Wie rührselig...
... "Tantra" doch sein kann. Immer auf der Jagd nach den intensiven, göttlichen Momenten, die da gelebt, wertgeschätzt und besonders achtsam erlebt werden woll. Die Jagd nach diesen Momenten der verklärten östlichen Pseudospiritualität. Klappt das auch im echten Leben? So ohne Sonne, Gott, inneres Licht und dem tantrischen Zwang des Wohlfühlens?
Tantra ein Weg zur Erkenntnis des Absuleten. Und ja: Tantra ist eine Haltung, ein Spiritualweg. Ein Weg der mitunter auch die Achtsam für unsere dunklen Seiten lehrt so wie deren Integration.

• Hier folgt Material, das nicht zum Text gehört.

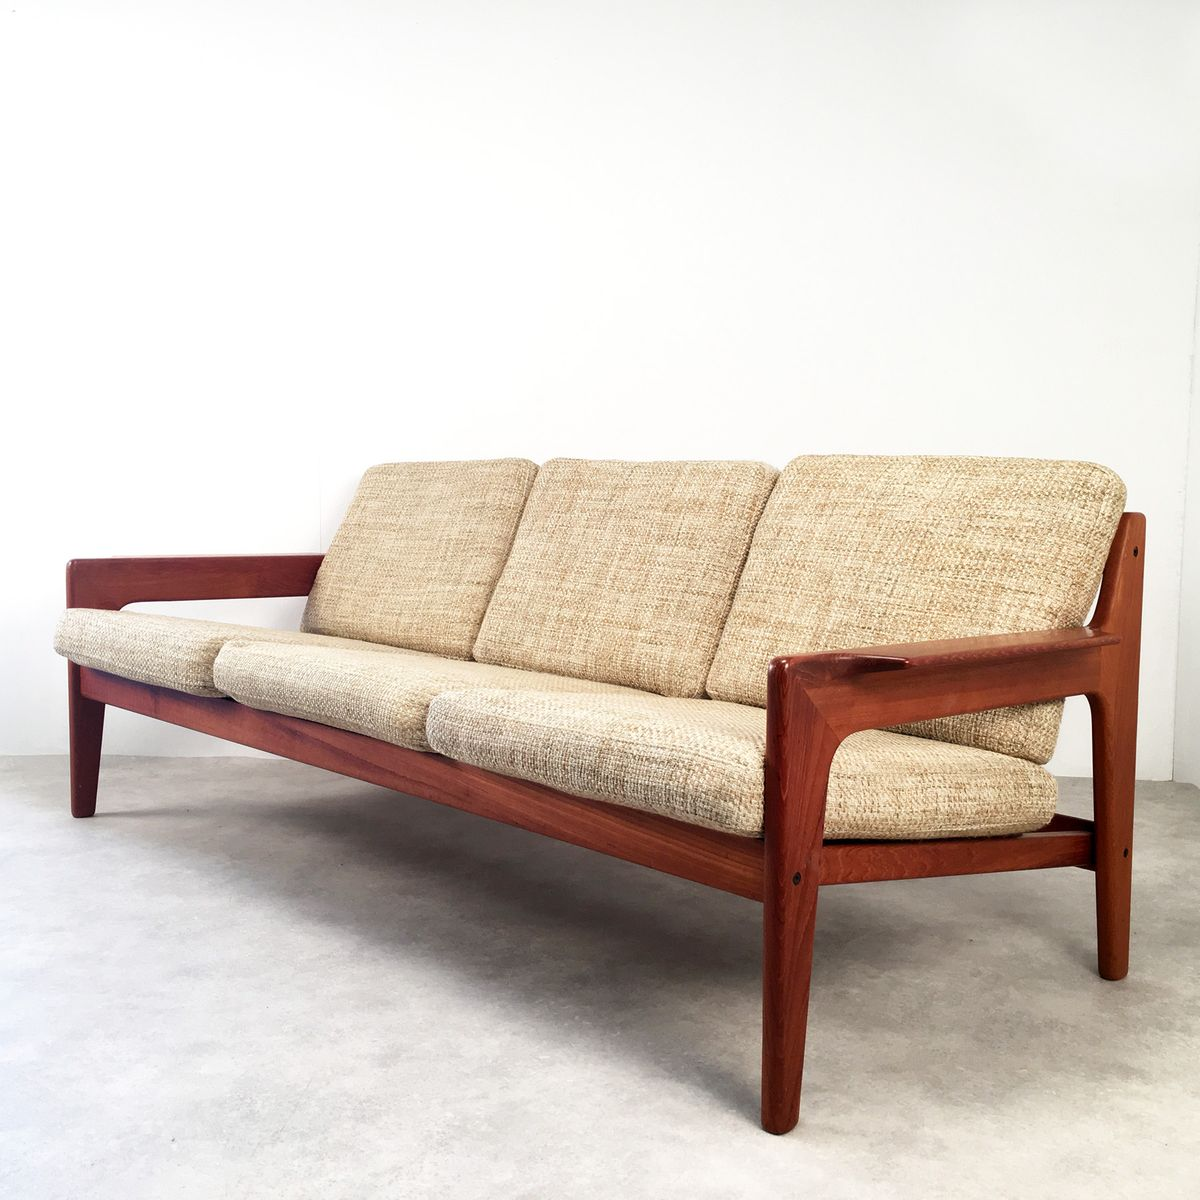 Mid Century Danish Three Seater Sofa By Arne Wahl Iversen For Komfort 1960s

6:00 Uhr morgens, mein Wecker klingelt. Ich denke mir: Ich will nicht. Aufstehen, duschen, japa. Danach Arati. Dann Kaffee, Kippe und ab zur Arbeit. In der Straßenbahn die erste tantrischen Übung zum Thema Gleichmut: Drei geile Ischen, verzeihung, Shaktis, steigen ein, sowie eine unästhetische Nichtshakti. Warum werte ich? Wäre es nicht angebrachter, das ernst zu nehmen, was die Bhagavad-Gita lehrt? Nämlich einen Brahmanen und einen Hundefresser mit den selben Augen zu sehen. Deswegen die Übung bis zur Endhaltestelle: Alle Mitreisenden mit den selben Augen sehen. Mann fühle ich mich jetzt gut. Die Straßenbahn hält, ich steige aus. Ab in die Bäckerei um noch einen Kaffee zu holen. Die Verkäuferin ist so freundlich wie ein Stshlträger. Ihre Kollegin ist viel hübscher aber leider bedient sie mich nicht. "Macht zwo Euro zehn". Ich verlasse die Bäckerei und stelle fest, dass fromme Gedanken toll sind. Nur halten sie halt gerade mal von der Haltestelle bis zur Bäckerei. Also zwanzig Schritte. Ich laufe zur Arbeit und grüble über das ganze nach... Scheiß Morgen, es regnet und mein Schirm ist in der Straßenbahn.
Zehn nach acht, Ankunft Arbeit. Mein Kollege begrüßt mich mit: "Nur zehn Minuten zu spät?!" Ich denke mir "böse Worte".... So geht es weiter. Gegen zehn tobt Bhairava in meinem Geist. Wut, Unlust, leichte Aggressionen. Harmonie wäre jetzt toll. Bis zum Mittag trage ich den zornerfüllten Shiva, Bhairava mir mir herum. Soll er toben? Soll ich ihn bekämpfen? Abspalten, annehmen, sich dagegen wehren...? Tantrika sein, Bhairava sein, nicht verletzen! Warum wehren? Warum diese Bhairava-Energie verleugnen? Warum nichtverleugnen? Muss ich entweder das eine oder das andere sein? Kann man beides sein? Oder vielleicht keines von all dem...? Diese vier Möglichkeiten sind alles was ist, catushkoti, Vierkant, wird dies in Indien genannt. Die maximale Beschreibung der Welt, und auch die Andeutung dessen, was jenseits davon ist. Klar, der pashu, der viehische Mensch will entweder ds eine oder das andere sein. Entweder wütend oder harmonisch. Der geistvolle Mensch ist beides, er hebt die Gegensätze damit auf. Doch erst das tantrische Ideal des heldenhaften Menschen, der virya, übersteigt auch das noch, er ist keines von all dem. Das sei meine Meditation für heute! Weder die Schwingung der Wut noch die Schwingung der Harmonie sind erstrebenswert. Auch nicht beide zusammen, die Nulllinie. Erst das was jenseits davon ist, die bewegungslose Schwingung, aspanda, der Bindu, der ausdehnungslose Punkt, die Bewegungslosigkeit der Radnabe, die aber Ursache ist für das Drehen des Rades ist das Ziel. Der Tag wird friedlicher, bekommt einen tantrischen Geschmack: Tantrarasa.